Source: www.mills-reeve.com

The Pursuit of Corporate Accountability: Climate Change Litigation and the Use of Shareholder Derivative Actions – Cambridge Law Journal

‘ClientTEarth v Shell [2023] EWHC 1897 (Ch) is the first attempt to use the statutory shareholder derivative action (Part 11 Chapter 1 of the Companies Act 2006 (CA 2006)) to hold directors liable for breach of directors’ duties for issues related to climate change. A derivative action can be used by shareholders in limited circumstances to bring an action of recourse on behalf of the company. Derivative actions are typically used to protect minority shareholders. Therefore, its use in ClientEarth v Shell is of interest, especially considering the ongoing discussion on the role and purpose of business in society.
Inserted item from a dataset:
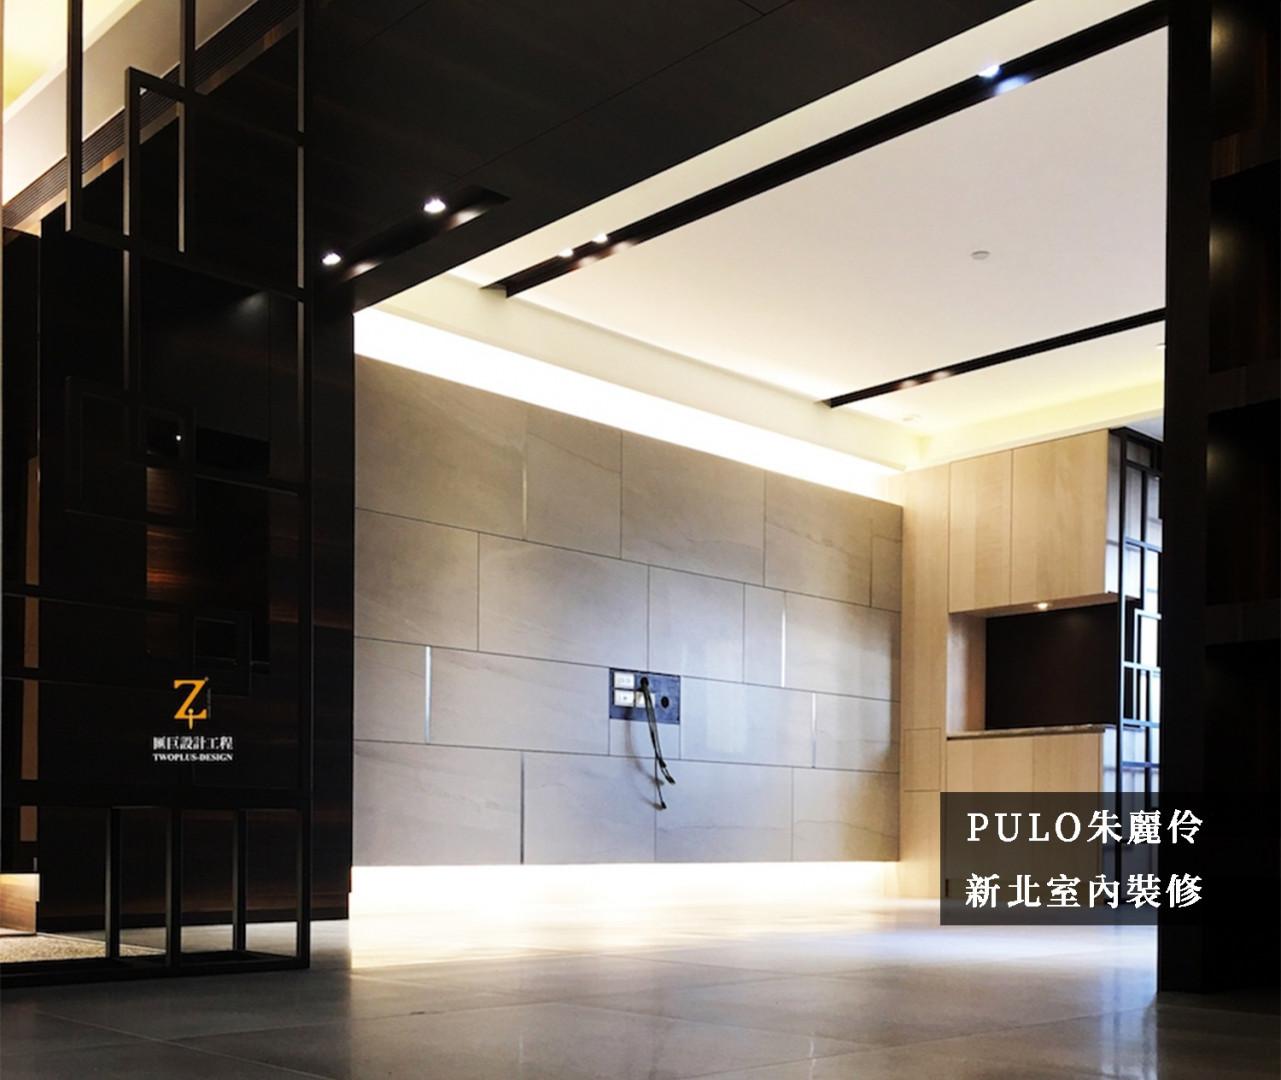 電視主牆使用大理石磁磚,採交錯拼貼的方式增加豐富度,同時也在牆面後裝設間接照明,增添更多氛圍重點。另一側不使用全面的板材打造隔間,而是採用線條柱體,不僅能營造輕隔間的效果,同時也能增加美感。-PULO裝潢平台

Although company law has primarily focused on profits, the more modern view is that companies should exist for profit, public interests and societal goals (See British Academy, Reforming Business for the 21 st Century: A Framework for the Future of the Corporation). The ClientEarth case confirms and clarifies situations in which a claimant may obtain permission to continue a claim; and when an absolute liability may be imposed on directors for a climate change-related breach of director’s duty in shareholder derivative claims. It raises questions around the prospects of success for future claimants due to the difficulty in establishing sufficient legal merit; and the relationship between stage one and stage two of the statutory regime.’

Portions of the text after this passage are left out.